The methods above have yielded some results in detecting surface imperfections in tiles. However, due to the large format of the tiles, the small size of defects, the complex background, and the minimal color differences between defects and the background, it is easy to miss the defect features of white and dark spots during local feature extraction. Additionally, in the process of feature fusion, defects with slight differences from the background are prone to the loss of semantic information; in addition, the automatic production line has specific requirements for the ceramic tile detection speed and hardware adaptation, so it is necessary to reduce the number of parameters and calculation quantity as much as possible when meeting the accuracy requirements.

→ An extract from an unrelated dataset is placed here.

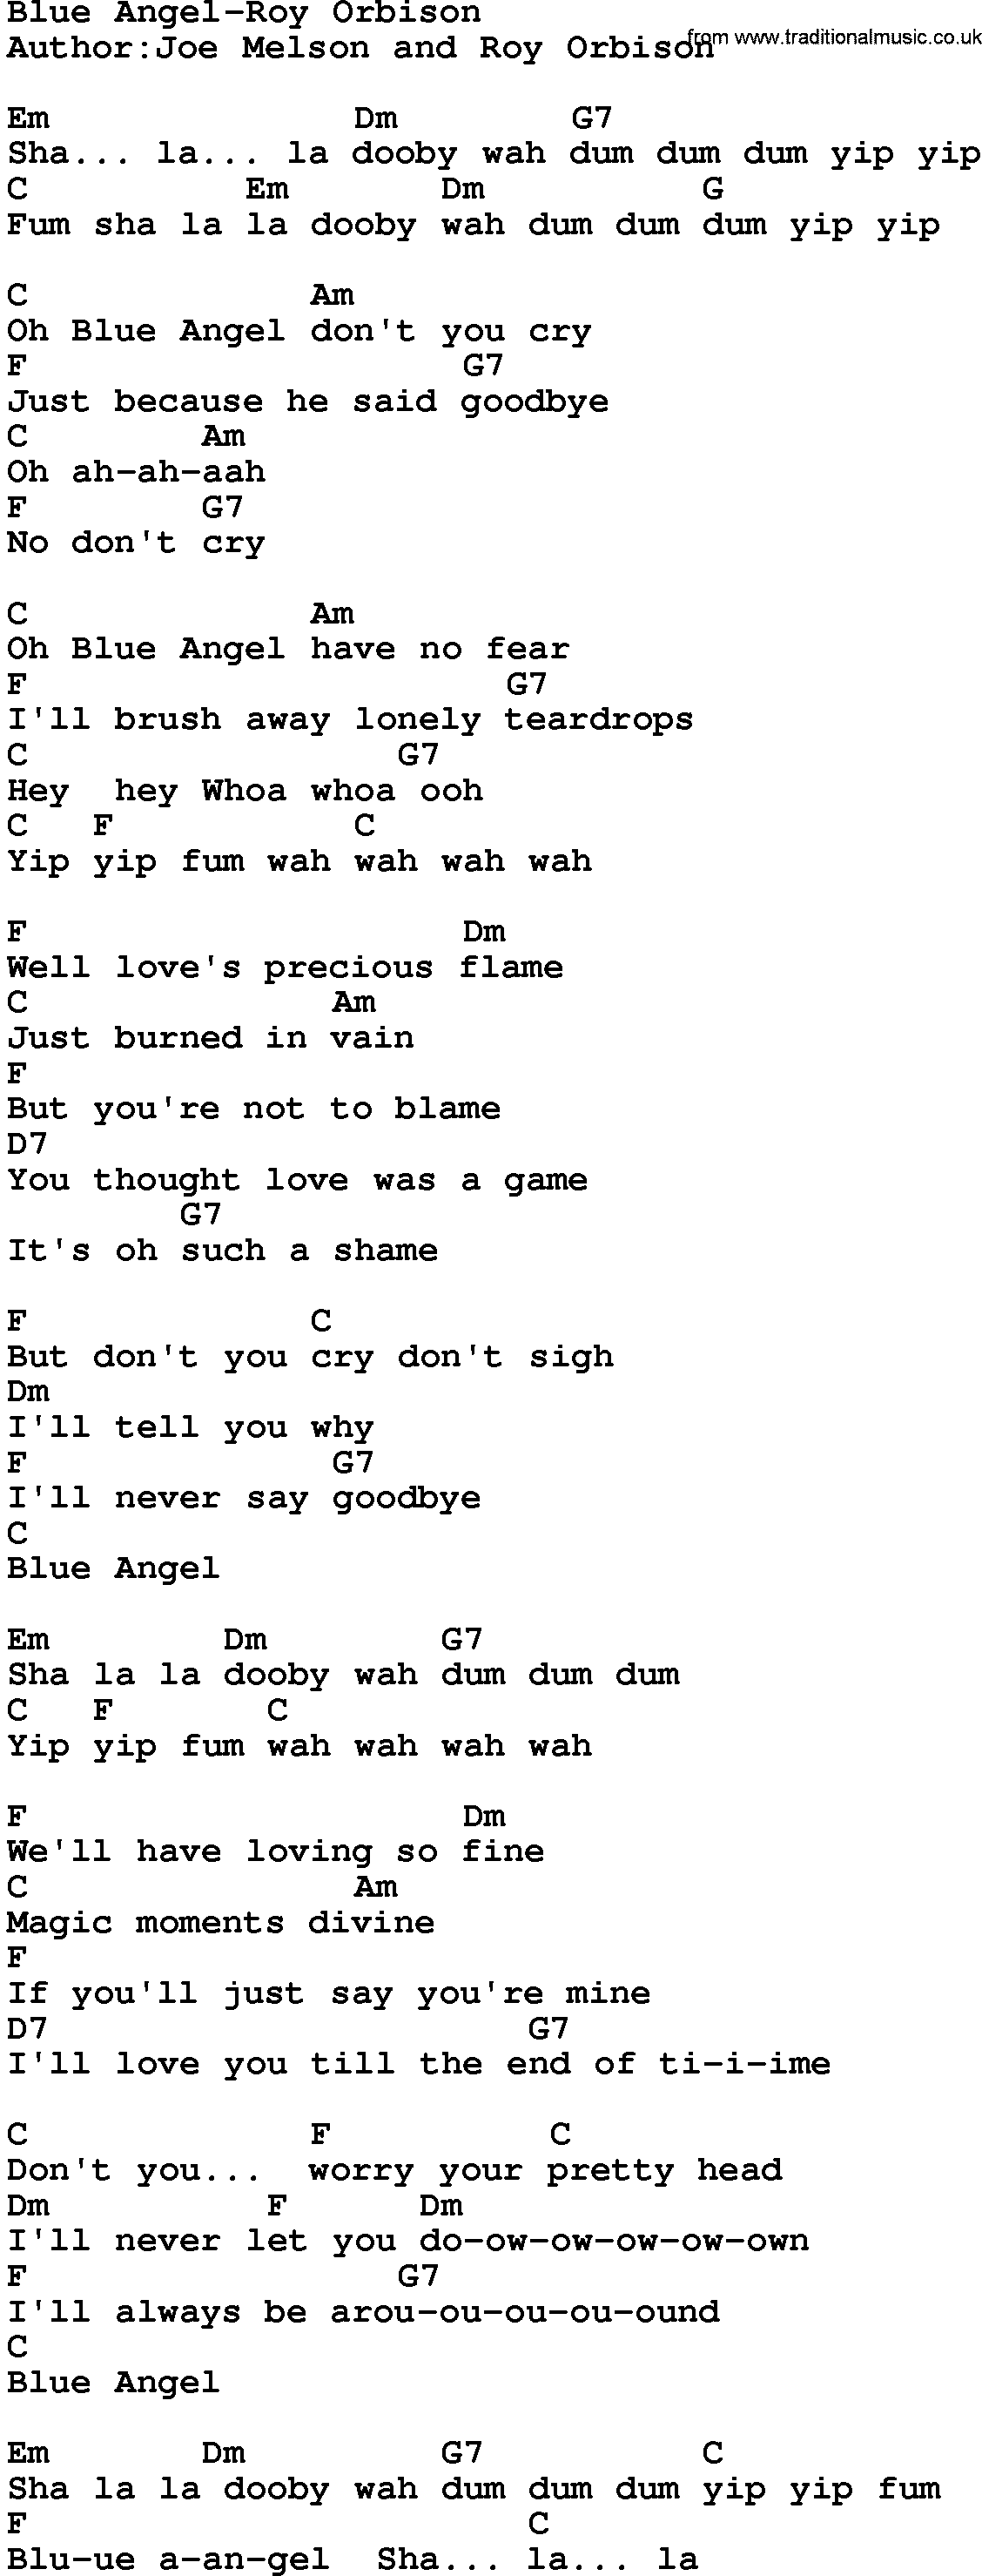 Country music song: Blue Angel-Roy Orbison lyrics and chords

The detection of minor target defects on tile surfaces remains challenging under these constraints. To address the aforementioned issues, this paper introduces a method for detecting tile surface defects using an enhanced version of YOLOv8, with the following main contributions:
To address the characteristics of small and challenging-to-extract local features associated with white point and dark point block defects in tile defect detection, CAACSPELAN (Context Anchor Attention Network Cross-Stage Partial Efficient Layer Aggregation Network) is proposed as a replacement for C2f (Concatenate 2-factor), and ODConv (Omni-Dimensional et al.) [
10] is employed to substitute part of the traditional convolution;
To address the problem that the semantic information of defective targets is lost during the process of feature fusion, the neck network part is redesigned to use the CGRFPN (Context-Guided Spatial Feature Reconstruction for Feature Pyramid Networks) to facilitate the fusion of information using features at various levels and scales so that the model can fully understand and distinguish different types of defects;
The proposed MPNWD (Minimum Points Normalized Wasserstein Distance) optimized loss function enables the model to detect tiny defects that are usually difficult to capture, thus improving the overall detection accuracy and reliability.